From AP at Yahoo: Sat Jun 12, 7:09 PM ET
Fla. Voting Machines Have Recount Flaw
TALLAHASSEE, Fla. - Touchscreen voting machines in 11 counties have a software flaw that could make manual recounts impossible in November's presidential election, state officials said. A spokeswoman for the secretary of state called the problems "minor technical hiccups" that can be resolved, but critics allege voting officials wrongly certified a voting system they knew had a bug. The electronic voting machines are a response to Florida's 2000 presidential election fiasco, where thousands of punchcard ballots were improperly marked. But the new machines have brought concerns that errors could go unchecked without paper records of the electronic voting. The machines, made by Election Systems & Software of Omaha, Neb., fail to provide a consistent electronic "event log" of voting activity when asked to reproduce what happened during the election, state officials said. ... Rep. Robert Wexler, D-Fla., has asked state Attorney General Charlie Crist to investigate whether the head of the state elections division lied under oath when he denied knowing of the computer problem before reading about it in the media. A spokeswoman for Crist said he was reviewing the request. The elections chief, Ed Kast, abruptly resigned Monday, saying he wanted a change of pace. ...

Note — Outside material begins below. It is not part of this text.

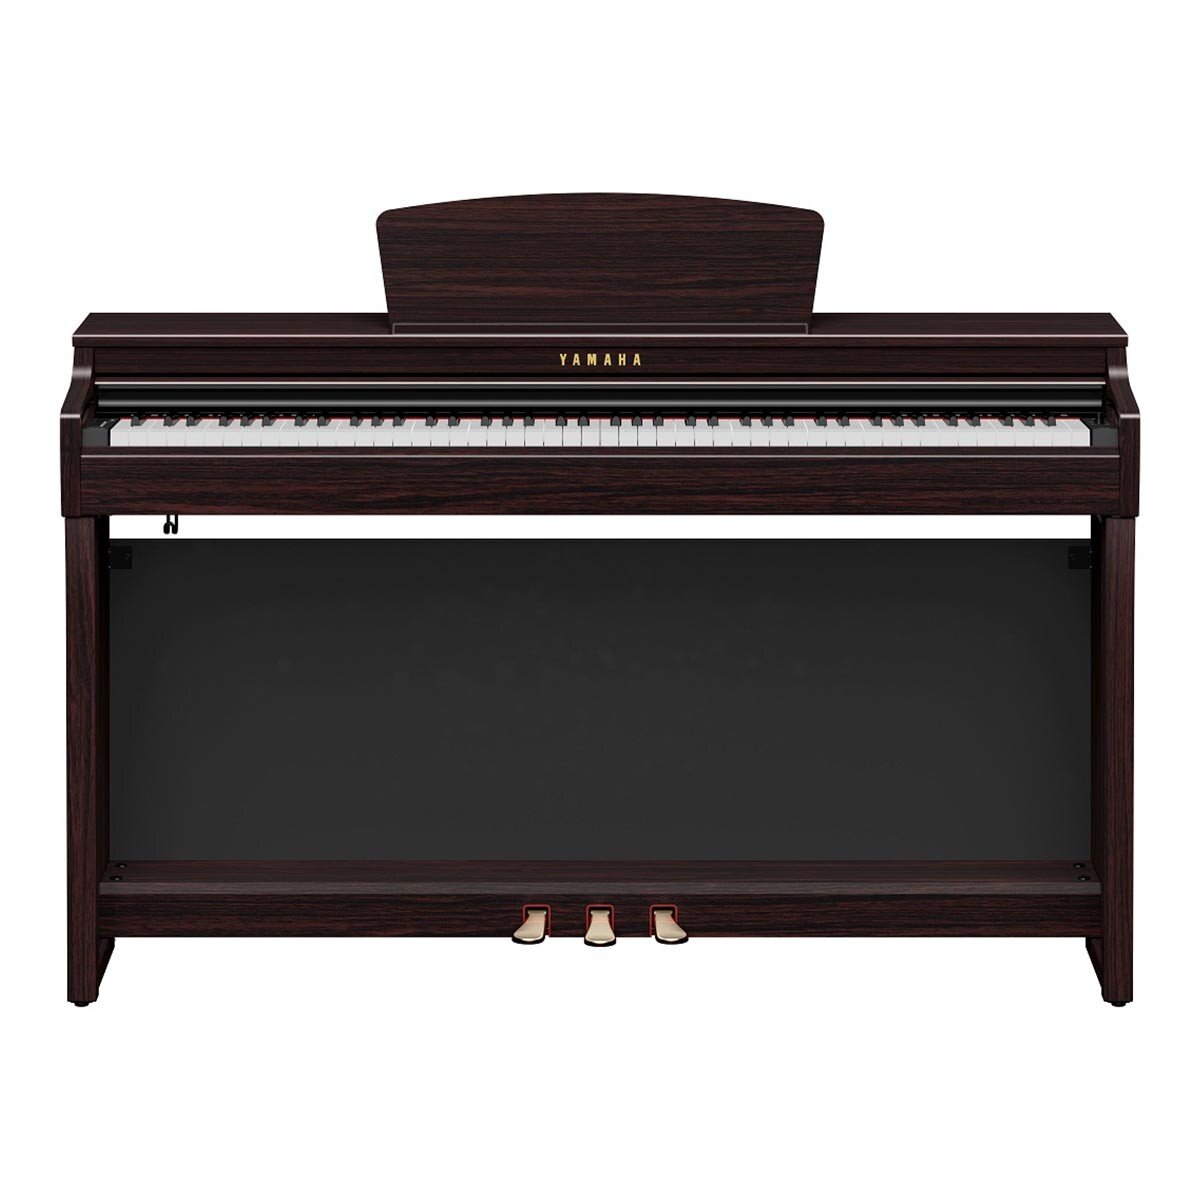 Yamaha Clavinova數位鋼琴 CLP725R 深玫瑰木色
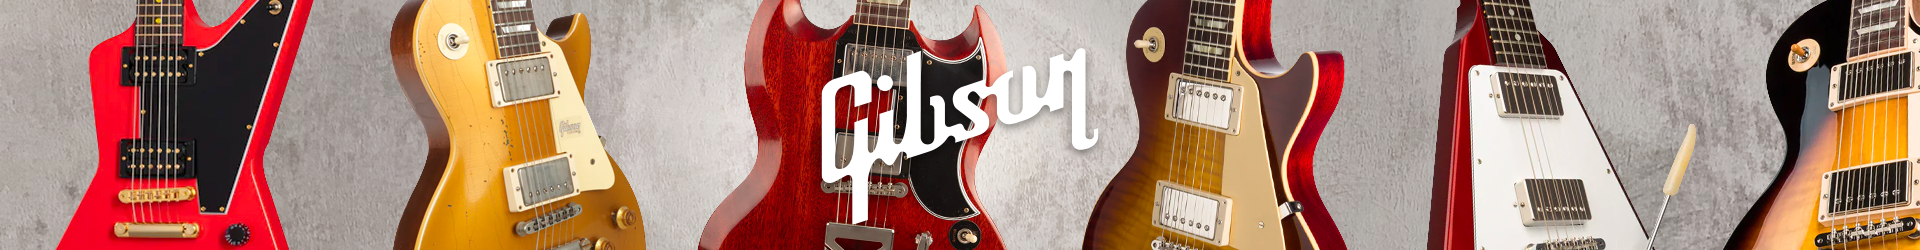 Gibson brand header

At Intervention Magazine: Sunday, June 13, 2004
The Tangled Web of American Voting By Elaine Kitchel

From Wired News: 02:00 AM Jun. 24, 2004 PT
Digging for E-Voting Skulduggery By Kim Zetter
The woman who launched the controversy over electronic voting machines has formed a nonprofit consumer group that plans to investigate election officials who may have conflicts of interest with voting companies. Washington-based publicist Bev Harris recently formed Black Box Voting in an attempt to improve the integrity of the election process and represent the interests of voters. ...

From Reuters: Wed Jul 7, 2004 05:43 PM ET
Lawsuit Challenges Florida Ballot Recount Rules By Jane Sutton
MIAMI (Reuters) - Voting rights groups sued Florida election administrators on Wednesday to overturn a rule that prohibits manual recounting of ballots cast with touch-screen machines, a lawsuit with echoes of the state's disputed 2000 presidential election voting. The lawsuit said the rule was "illogical" and rested on the questionable assumption that electronic voting machines perform flawlessly 100 percent of the time. It also said the rule violated a Florida law that expressly requires manual recounts of certain ballots if the margin in an election is less than 0.25 percent of the votes cast. ... The lawsuit was filed against the Florida Department of State, which oversees elections and which issued the rule in April. Plaintiffs included the American Civil Liberties Union of Florida, the nonpartisan political group Common Cause and other voter education and civil rights groups. ... Fifteen Florida counties containing about half the state's population use electronic touch-screen voting machines. They include the three most populous counties -- Miami-Dade, Broward and Palm Beach -- that were at the heart of the 2000 punch card ballot recount battle. Florida banned punch card ballots after 2000, but there have already been glitches with the electronic machines that replaced them in some counties. Audit tests using the new touch-screen machines last year showed some of the data recorded on the Miami-Dade machines were not transferred to electronic logs that would need to be reviewed in a recount. ...

From The NYT: July 10, 2004
Florida List for Purge of Voters Proves Flawed By FORD FESSENDEN
Florida election officials used a flawed method to come up with a listing of people believed to be convicted felons, a list that they are recommending be used to purge voter registration rolls, state officials acknowledged yesterday. As a result, voters identifying themselves as Hispanic are almost completely absent from that list. ...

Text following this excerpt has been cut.